I think they're seriously misunderstanding both TermKit's goal and the difference between running commands and editing text.

TermKit, for instance, is not just a widget-infested terminal. The core idea behind it is what >50% of this post is about: data interchange that's not un-tokenized text that you have to `awk` to hell and back to do basic things.

Meanwhile, text editors do two things incredibly differently than system-control interfaces: they edit blocks of text, and they can un-do almost every action. Next time you `rm` something accidentally, try pressing `u`, and see if it comes back. Or rewind that `drop database production;` your cat typed into your ssh session.

I also don't want Bash to be my editor for similar reasons why I don't want to manipulate my filesystem with Vim - I rarely need to enter visual select mode when composing something in Bash, and Vim is poorly-suited to piping streams of text through multiple programs.

Some months ago I tried to improve shell while keeping all it's features. So i made webkit-based terminal emulator (pseudoterminal; like xterm) with special esc-sequences to turn on html output (in a console, yes). Screenshots: https://github.com/shepik/wkterm/#readme

This looks pretty cool. I actually spend quite some time thinking about something like that. I came up with two things that I'd add to a shell : graphics and links. Graphics you did. It seems that is doesn't degrade gracefully though, like programs that do colored output disable it when run non-interactively ?

I imagined links as something which when activated would be pasted in your command line. For example when running "git status" I would be able to get a ready made command to add a file by activating the "add" link next to it. Each file name would also be a link so that I don't have to copy/paste it. Ideally, links could be triggered with keyboard shortcuts to avoid using the mouse.
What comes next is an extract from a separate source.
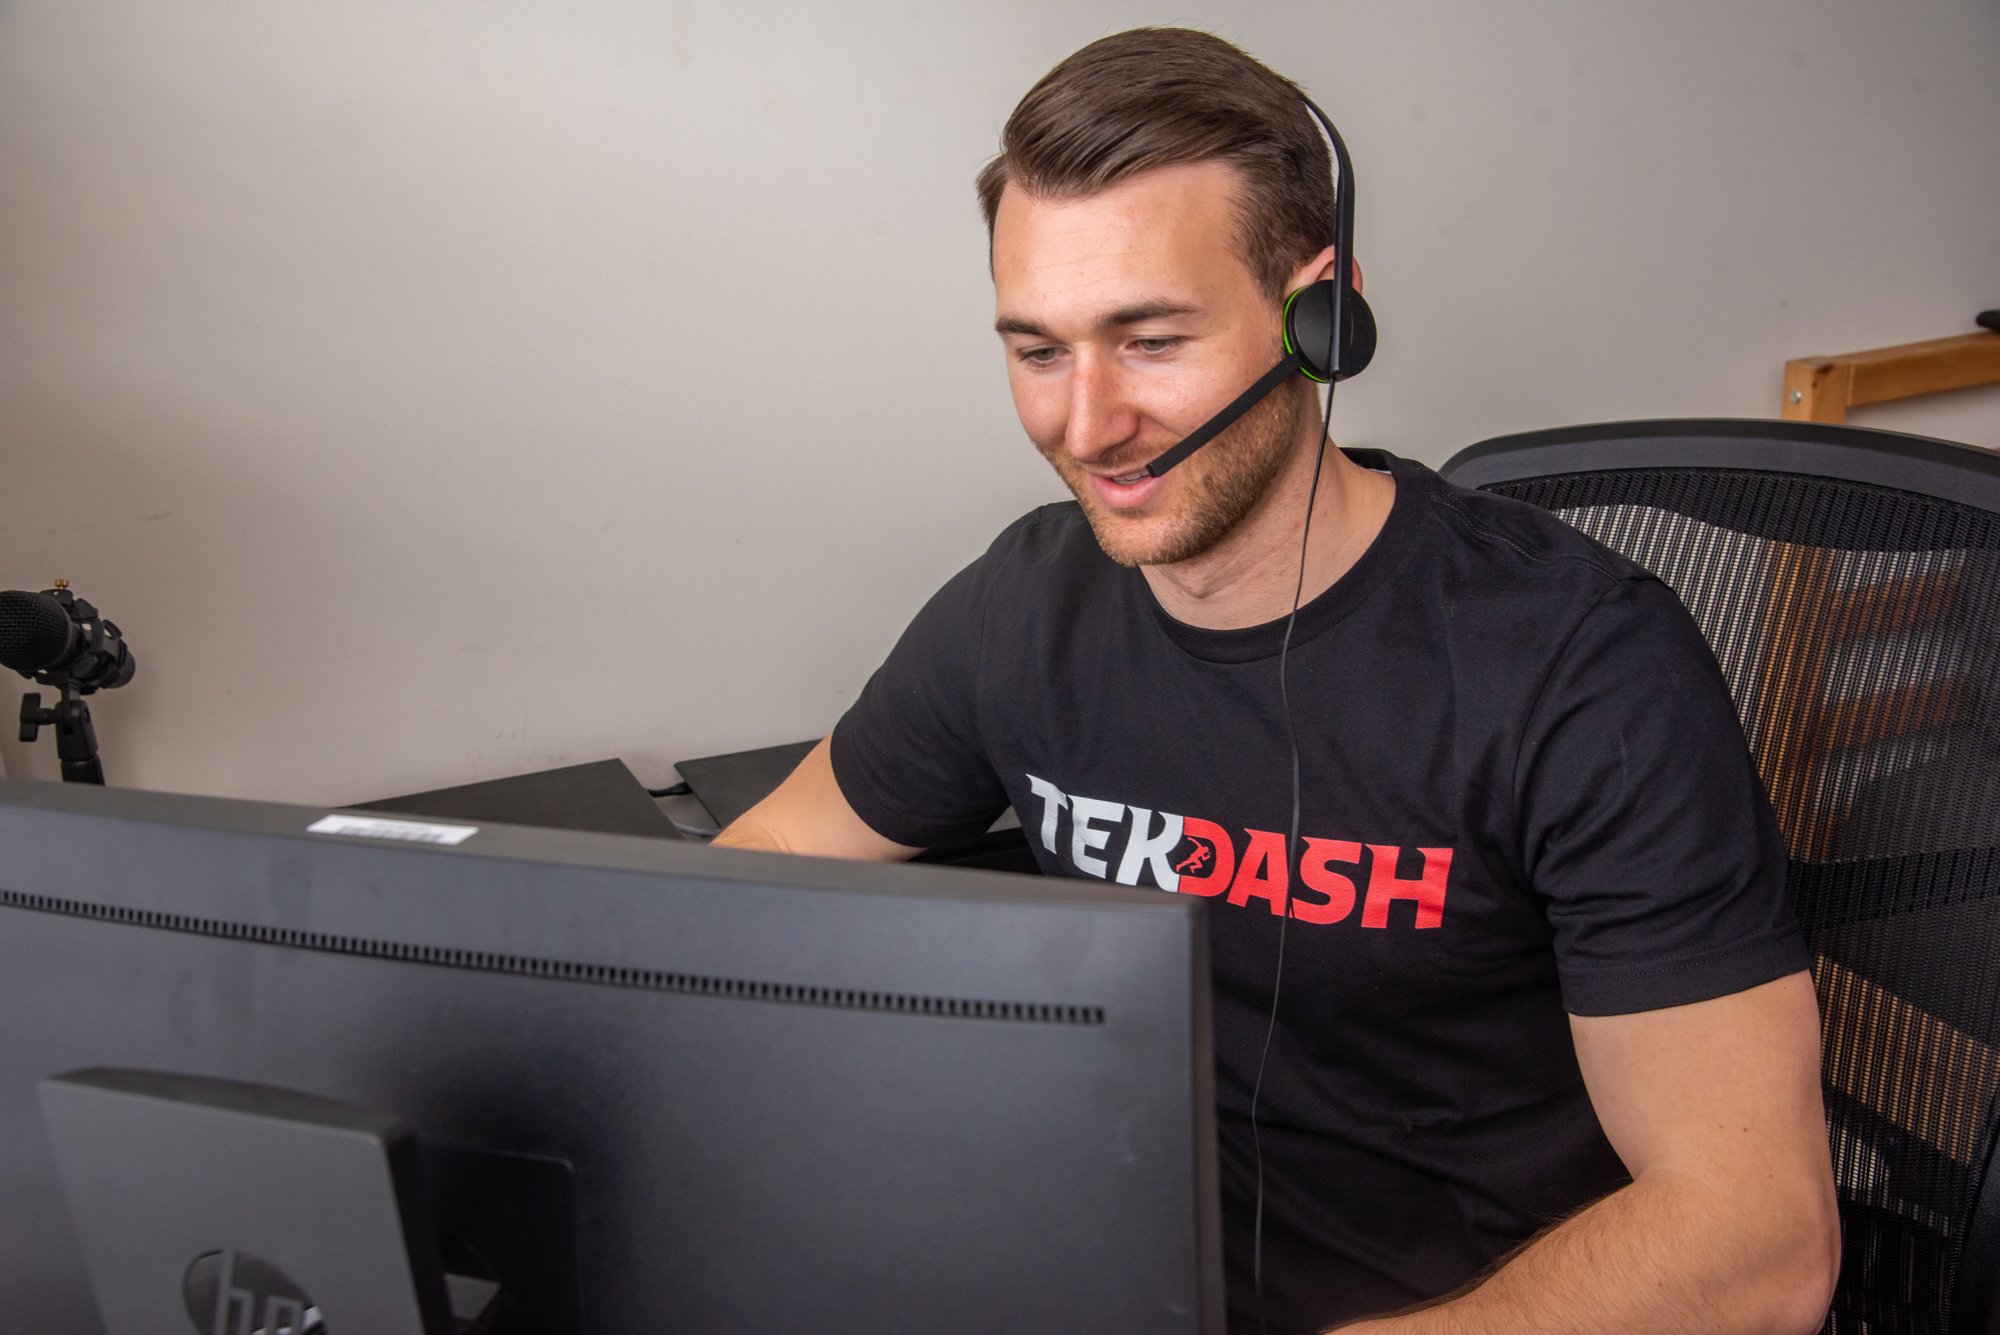 Tech Support TekDash Technician

I don't think there is an issue with graceful degradation. Basically, wkterm is a terminal and a set of pretty-printers that read data from stdin and print it in html. As in my example with cpu usage graphic, there is some ./gen_cpu program which just prints cpu usage values as text, and there is graph drawing program. So, use them both for graphical output and use only the first for text.
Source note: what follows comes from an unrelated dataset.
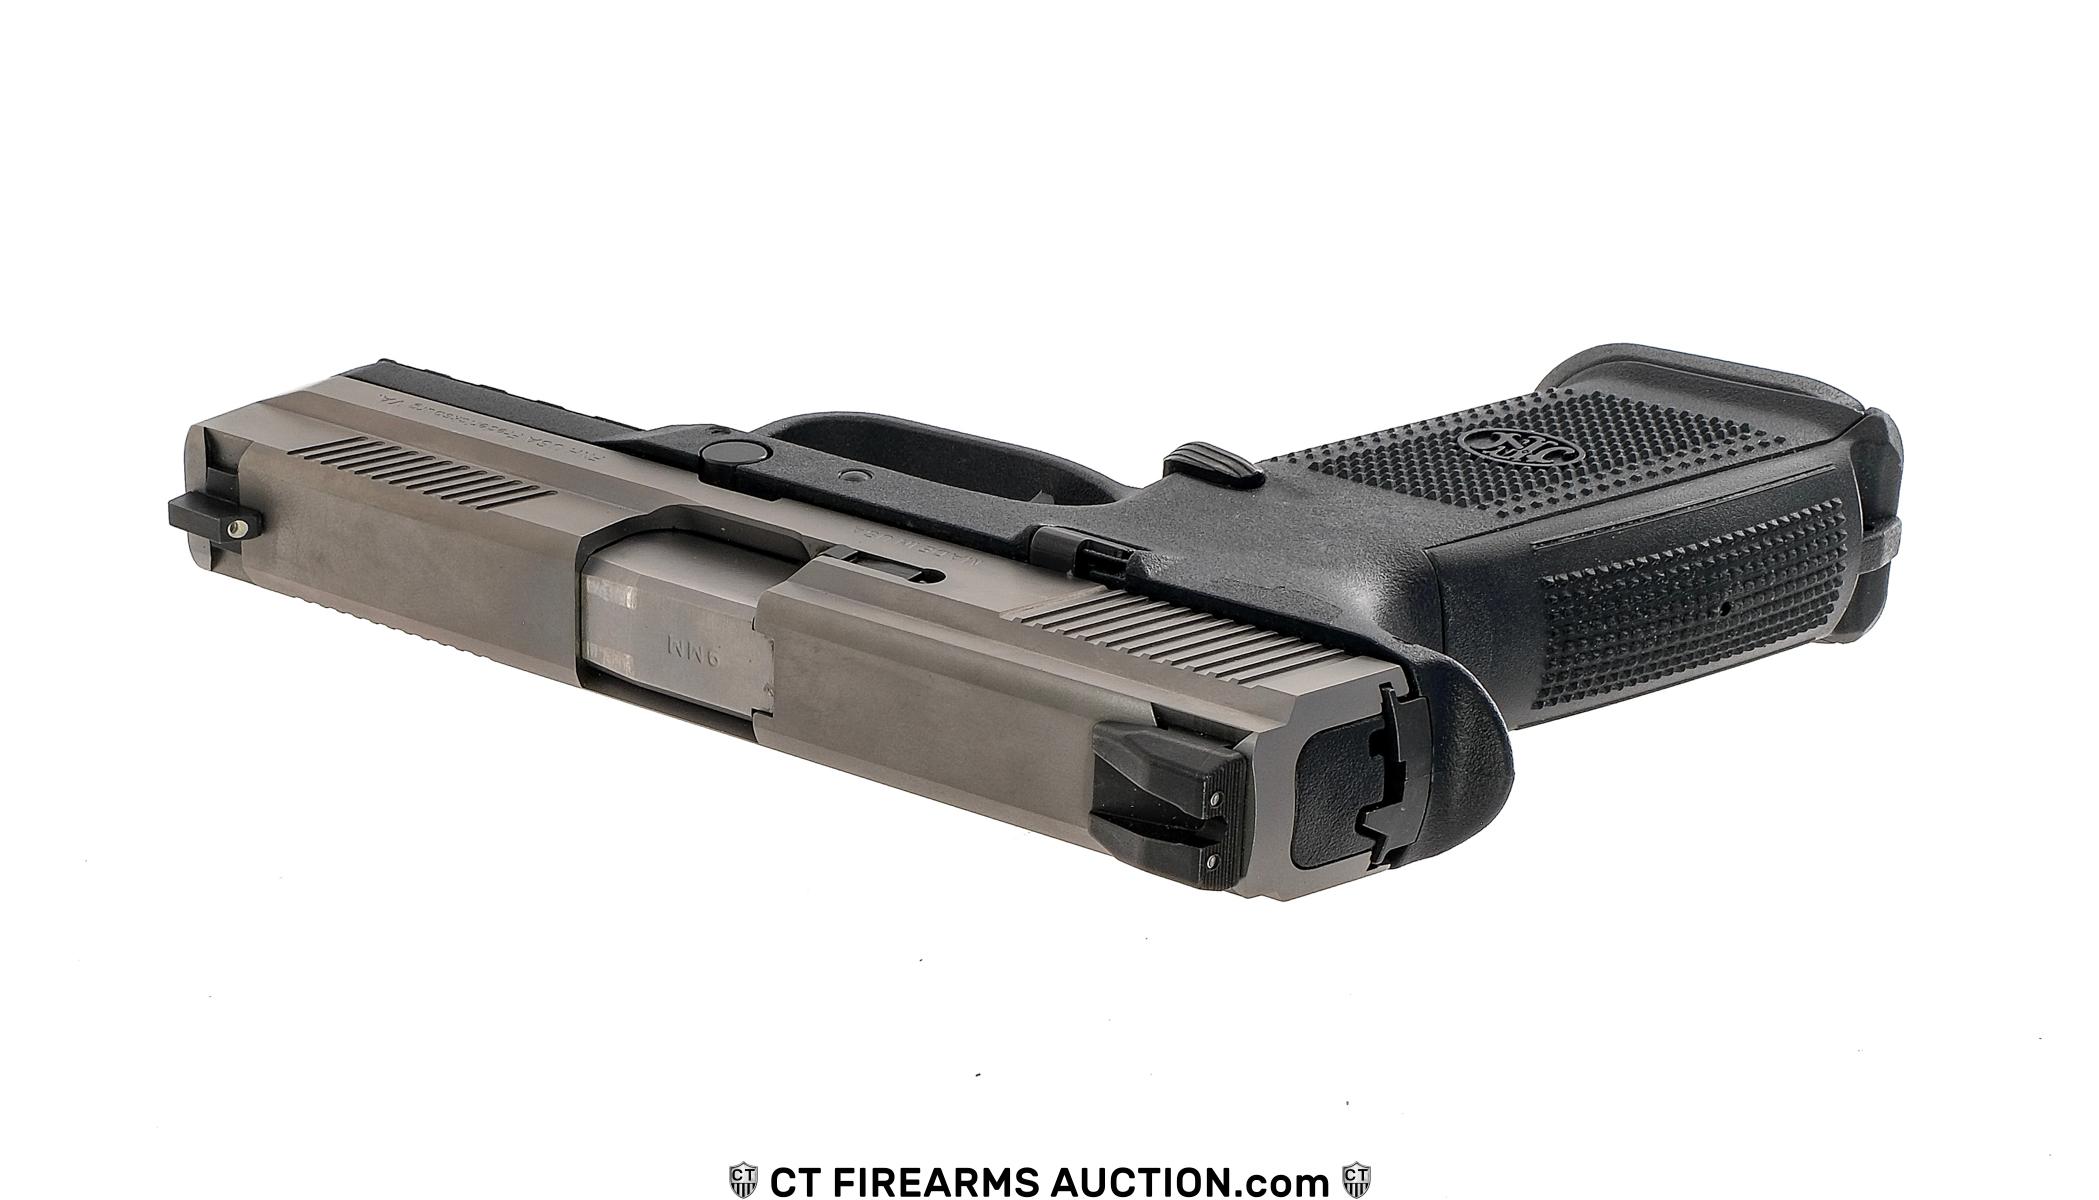 FNH FNS-9 9mm Semi-Auto Pistol

Links, as you describe them, can be implemented with javascript. I'll try to make an example on weekend.

You might also be interrested in the Cope project (https://github.com/yogan/cope). With the same approach, you could make existing commands return nice looking output for your html terminal.

This sort of reminded me of TermKit, which I think is still on Github... but sort of stagnant the last time I looked.
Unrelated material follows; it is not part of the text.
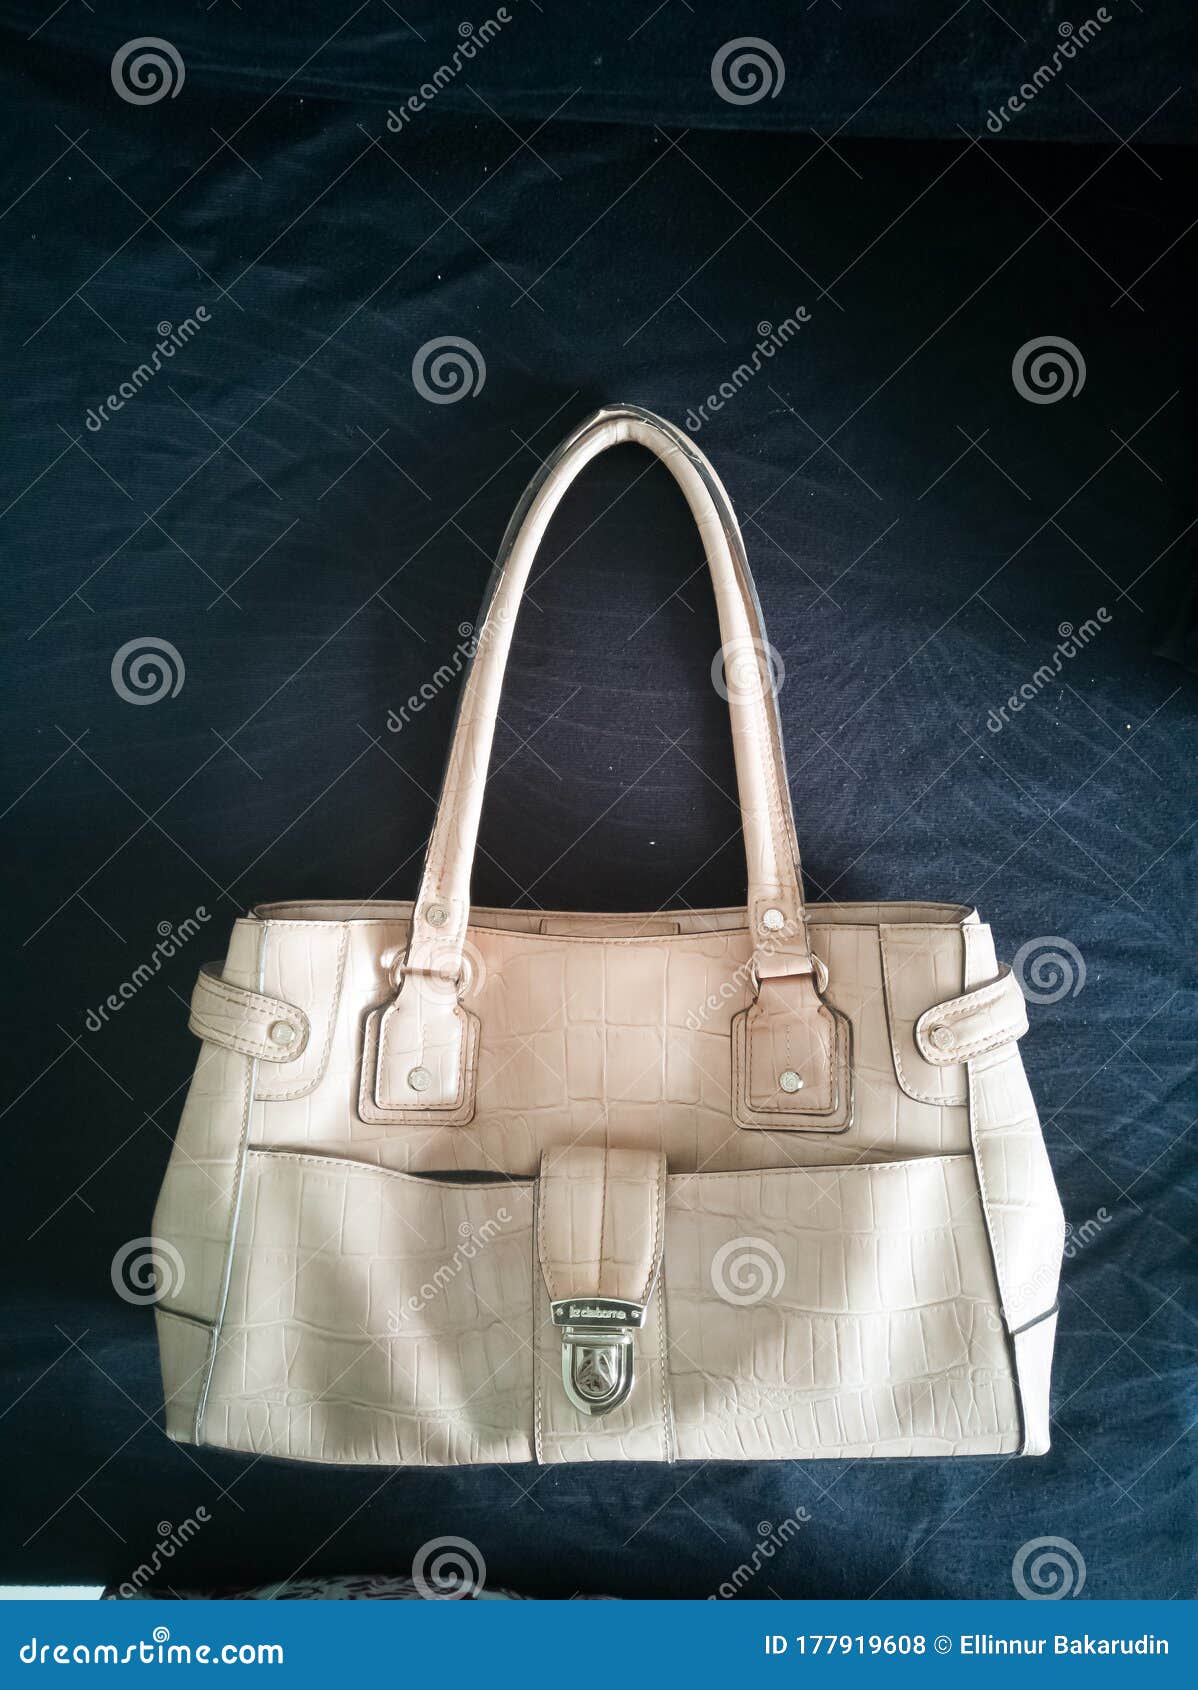 Liz Claiborne white purse  White purses, Liz claiborne, Purses

Yes its here: https://github.com/unconed/TermKit

I still think the idea is great. This guys should work together instead of making yet another competing project.

Yes, I really liked that project and I think the design is fantastic (it leverages WebKit for rendering).

Both TermKit and this project will have an interesting dilemma with editing remote files though. The advantage of SSH is that you really aren't storing any remote files locally (only the currently visible characters are stored in memory). An editor that uses this new model and eliminates lag requires transfer of remote files to the local computer. There are a lot of situations where this is not a viable option.

A very good point. My prototype protocol, rwr, reads only the data in the file it has to know. Additionally, when one inserts a character it simply says "insert 'a' at byte 4", rather than having to stream the entire file. That's another benefit of running filesystem models as daemons on remote servers.

The beauty of Unix is its simplicity.

This made Unix so reliable. If you want to write a beautiful terminal as _addon_ I have no problem with that. But I would not accept a _replacement_ of the old fashioned terminals. Because they are so simple, they just work.

Apparently you've never messed around with termcap. Or had to use terminals other than xterms and vt100s, or some very near clones of them.

Meanwhile, it took Unix forever before the PC's backspace key 'just worked'.

The terminal guts are unbelievably gnarly, and it's kinda surprising it hasn't been replaced with a simpler approach designed for virtual terminals by now.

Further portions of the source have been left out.